Казанби остыл: понял, что имеет дело не с простым пастухом, которому трудно дается истолкование чужих поступков, понимание чужих решений и замыслов.

Перед ним стоял человек, каким-то нюхом чувствующий обстановку.

— Поверь, я не хотел расстроить или оскорбить тебя, Казанби. Но я люблю твою дочь!

— А что ты можешь дать взамен всего, разрушенного тобой?

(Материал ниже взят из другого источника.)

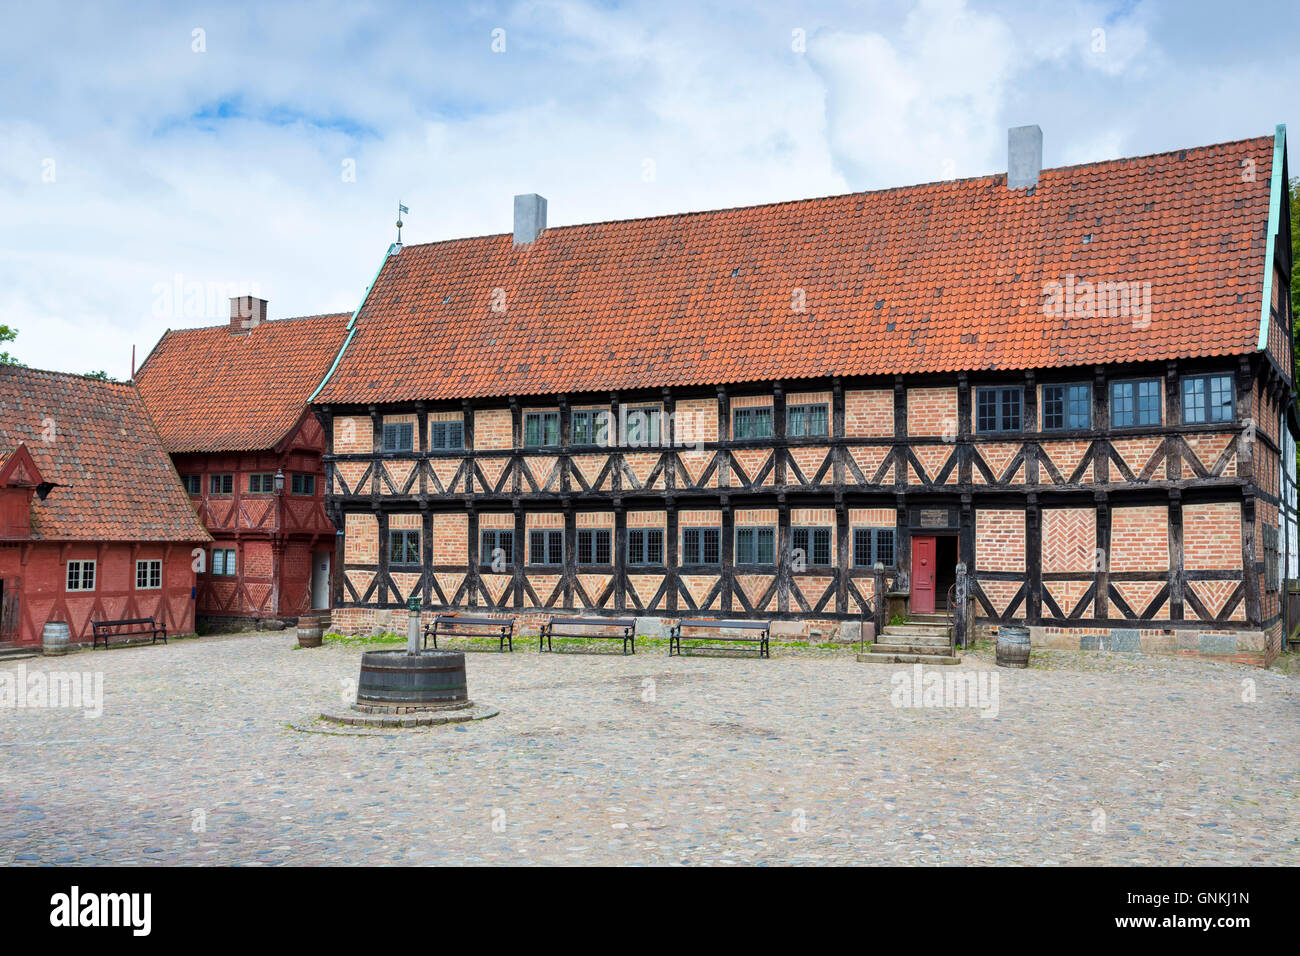 Maison du maire et Town Square à Den Gamle By, la vieille ville, le musée folklorique en plein air, d'Aarhus, Danemark, East Jutland Banque D'Images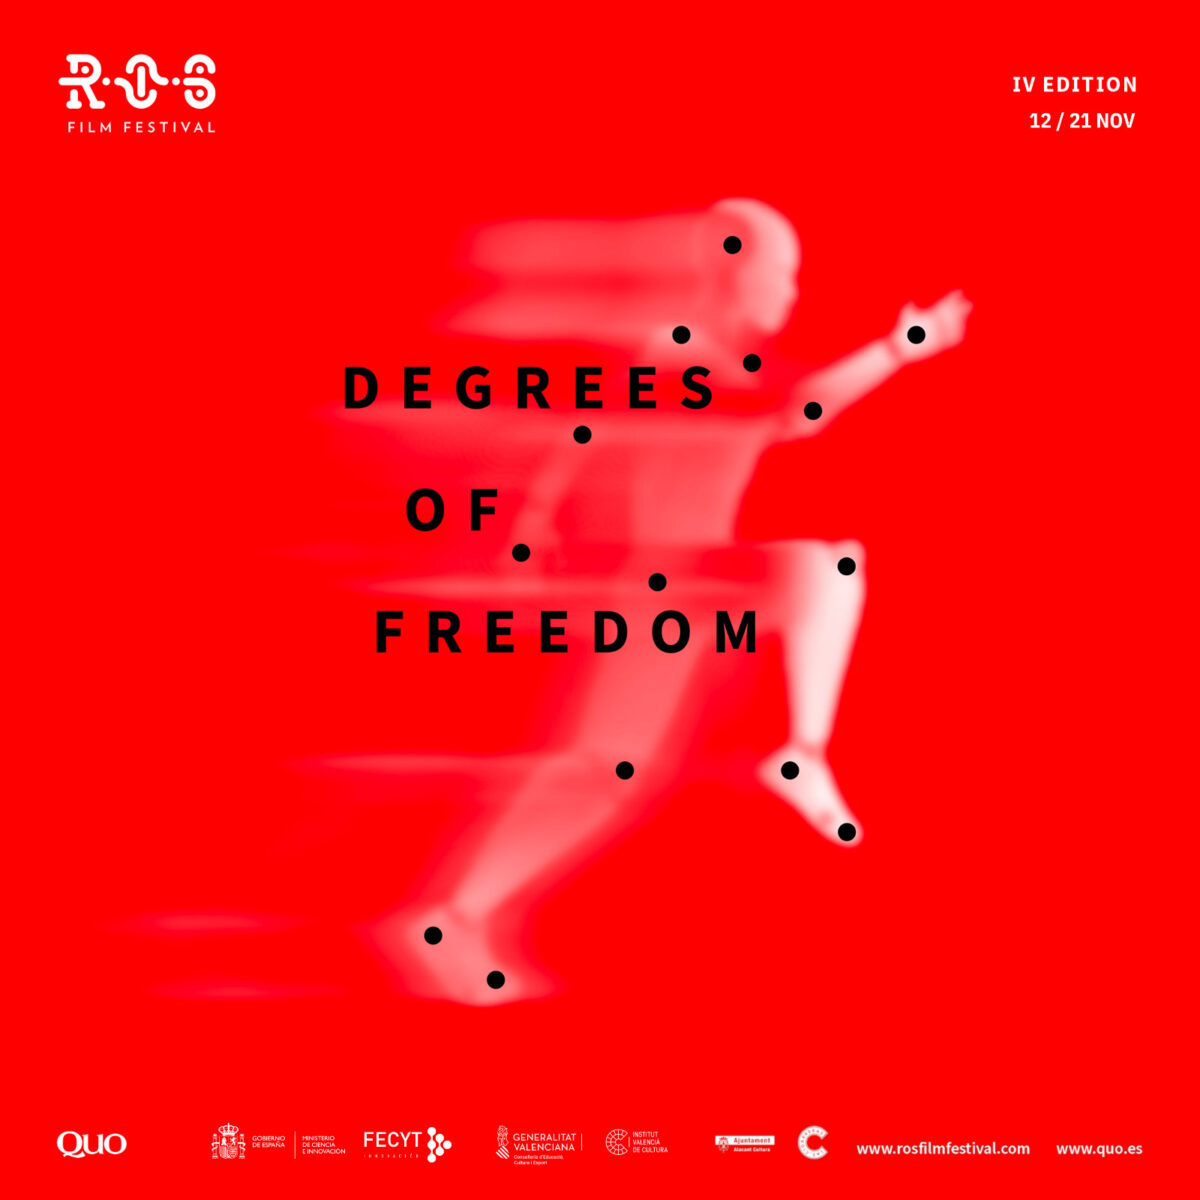 Grados de libertad, el sugerente lema de la cuarta edición del ROS Film Festival

— Ничего. Но думаю, власть учтет, что ты бескорыстно выдал дочь за батрака.

Мои слова показались Казанби злой насмешкой.

— Велика честь! — процедил он сквозь зубы.

— Казанби, я жду твоего слова.

— Хочу видеть дочь, потаскуху, что оскорбила мою папаху.

— Только прошу ее не оскорблять!

— Где она?

И я окликнул Зулейху. Она вышла из шалаша, опустив полные слез глаза, понурившись, стараясь дрожащими руками прикрыть грудь, всхлипывая. Она пыталась что-то сказать отцу, но не смогла. Да и что было ей говорить?

— Какое бесстыдство! Какой позор! Будь проклята вместе с породившей тебя!

Казанби повернул к лошади.

— Стой, Казанби! — крикнул я. — Жду твоего слова.

— Нет у меня слов!

— Я требую! Знай, я не люблю шуток.

— Живите как хотите, но моего порога не переступите, пока я жив!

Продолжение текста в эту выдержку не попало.